El pasado colonial de Tintín

Xesús Fraga
xesús fraga REDACCIÓN / LA VOZ

CULTURA

Hergé retrató la visión que los belgas de los años treinta tenían del Congo

16 oct 2011 . Actualizado a las 12:07 h.

En el Tribunal de Primera Instancia de Bruselas se ha dirimido estos días un caso singular, por su naturaleza y porque los hechos se remontan a 1931. Lo que se juzga es si el álbum Tintín en el Congo, escrito y dibujado por Hergé en los comienzos de su carrera, es culpable de racismo y apología del colonialismo, según sostiene el demandante, el ciudadano belga de origen congoleño Bienvenu Mbutu Mondondo, quien reclama que el álbum se retire de la circulación y se prohíba en todo espacio público. Frente a la posición de Mondondo, que califica la historia de «insulto a los negros», Moulinsart, poseedora de los derechos de la obra de Hergé, y la editora Casterman argumentan que Tintín en el Congo es el reflejo del pensamiento dominante en la Bélgica de comienzos del siglo XX y que Hergé no puede ser culpable de discriminación, ya que en su trabajo nunca hubo tal intención.

El álbum ambientado en el Congo, al igual que su inmediato predecesor, Tintín en el País de los Soviets, han sido objeto de polémica desde hace años. El propio Hergé los calificó de «pecados de juventud», aunque nunca renegó de ellos. «Era 1930. Yo no conocía de ese país [por el Congo] más que lo que la gente contaba en aquella época: ?Los negros son unos niños grandes... tienen suerte de que nosotros estemos allá?. Y yo dibujé a estos africanos según estos criterios, con el más puro paternalismo, que era el de la época en Bélgica».

Ambiente burgués

Hergé atribuyó estas ideas al «ambiente burgués y conservador» en el que creció. Su carácter fue modelado en el colegio religioso Saint Boniface y su paso por los scouts católicos. Con 18 años recién cumplidos se inició como aprendiz en Le XXe Siècle, un periódico conservador dirigido por el sacerdote Norbert Wallez, quien rápidamente identificó el talento de Hergé y le encomendó sus primeras historias en el suplemento juvenil del diario, Le Petit Vingtième. Por encargo de Wallez, Tintín fue enviado en su estreno a la Unión Soviética para desenmascarar a los malvados bolcheviques. Para la siguiente aventura, el religioso eligió el Congo, deseoso de destacar el papel de los misioneros y justificar el colonialismo belga en África. Para ambos libros Hergé se documentó en testimonios sesgados o falseados, algo que más tarde el dibujante, un obseso por la minuciosidad y la verosimilitud de sus viñetas, jamás se perdonaría.

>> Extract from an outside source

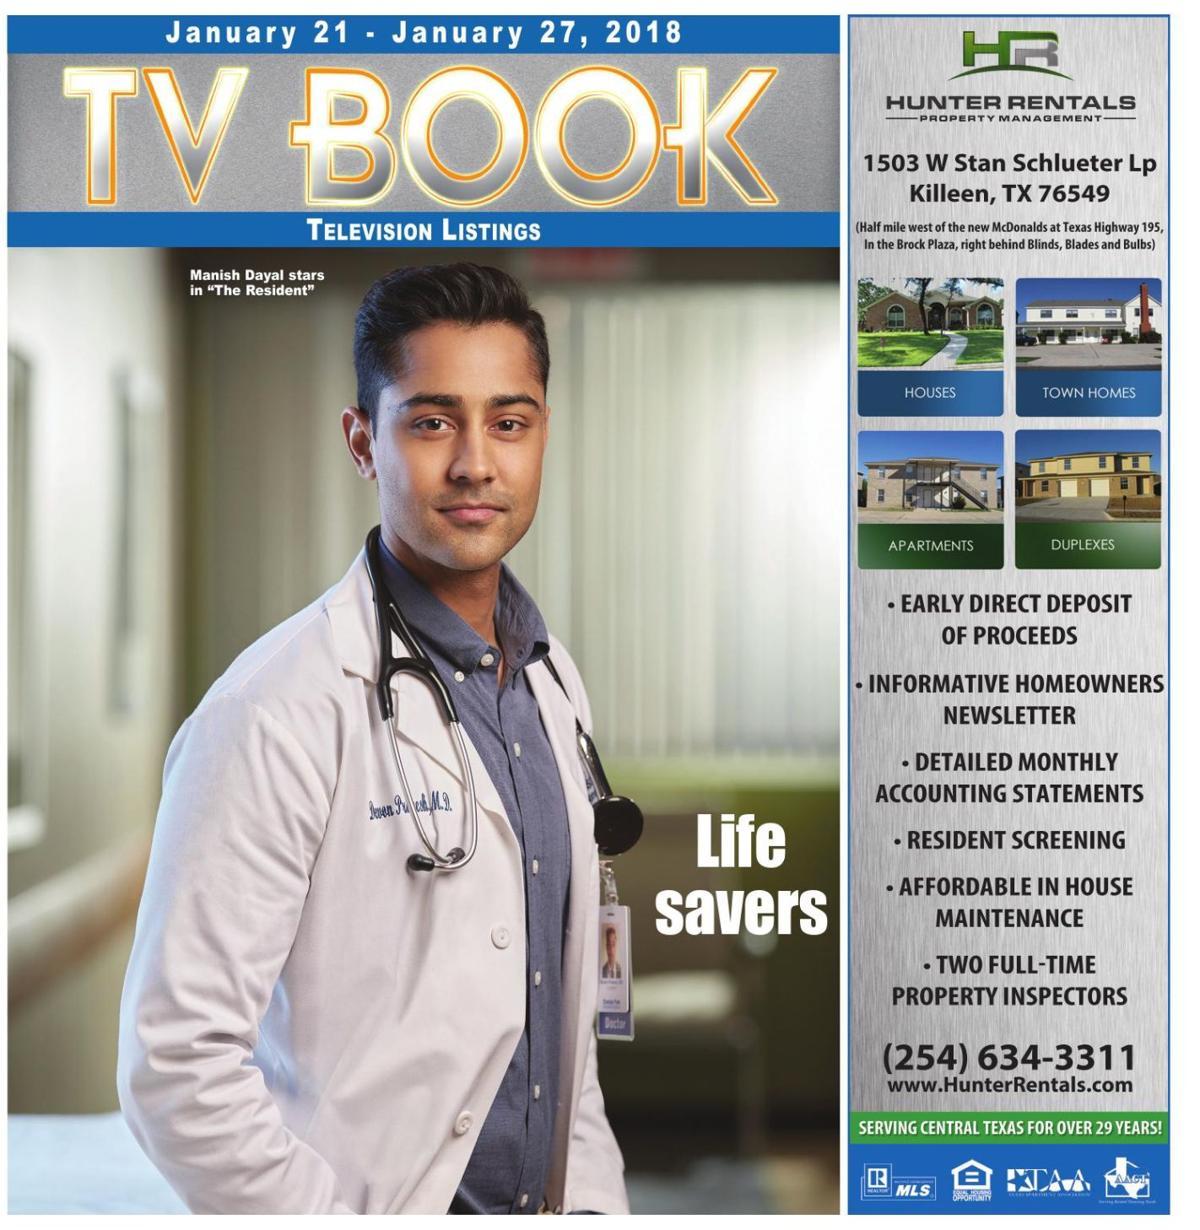 TV Book Jan 21st - Jan 27th

Por ello, en 1946 aprovechó la oportunidad que le brindaba la edición en color de Tintín en el Congo para aligerarlo de su carga colonial y eliminar aquellos episodios más negativos o ingenuos. Así, una lección de patriotismo se transforma en una de matemáticas y las cacerías del reportero se rebajan sensiblemente. Con casi veinte años de trabajo, Hergé ya había avanzado notablemente en su concepción del cómic e introdujo modificaciones de composición, diálogo y ritmo. Más importante, el propio Tintín también cambió: menos belga y más europeo, menos cristiano y más laico. Pero llegaron los años de la descolonización y el álbum cayó en desgracia; no fue reeditado hasta 1970.

A Hergé también le perjudicaron los vínculos que mantuvo, a través de Wallez, con el fascismo de su país, conocido como rexismo y liderado por Léon Degrelle, así como su trabajo en Le Soir, un periódico de clara línea colaboracionista en la Bélgica ocupada por los nazis durante la Segunda Guerra Mundial. El dibujante siempre negó ser de izquierdas o de derechas y se definía como alguien de «buena fe» y un «hombre de orden». Como también rechazó las acusaciones de racismo. La evolución de Tintín responde por él: apoya a los chinos frente al imperialismo japonés (El loto azul), defiende a los indígenas sudamericanos (Prisioneros del Sol), se pone de parte de unos gitanos acusados injustamente de robo (Las joyas de la Castafiore) y denuncia los totalitarismos (El cetro de Ottokar y El asunto Tornasol), hasta pintar de farsa las dictaduras en Los Pícaros. En esta aventura lucía pantalones vaqueros y un adhesivo de «haz el amor y no la guerra» en el casco de su moto. El salacot del Congo había quedado muy lejos.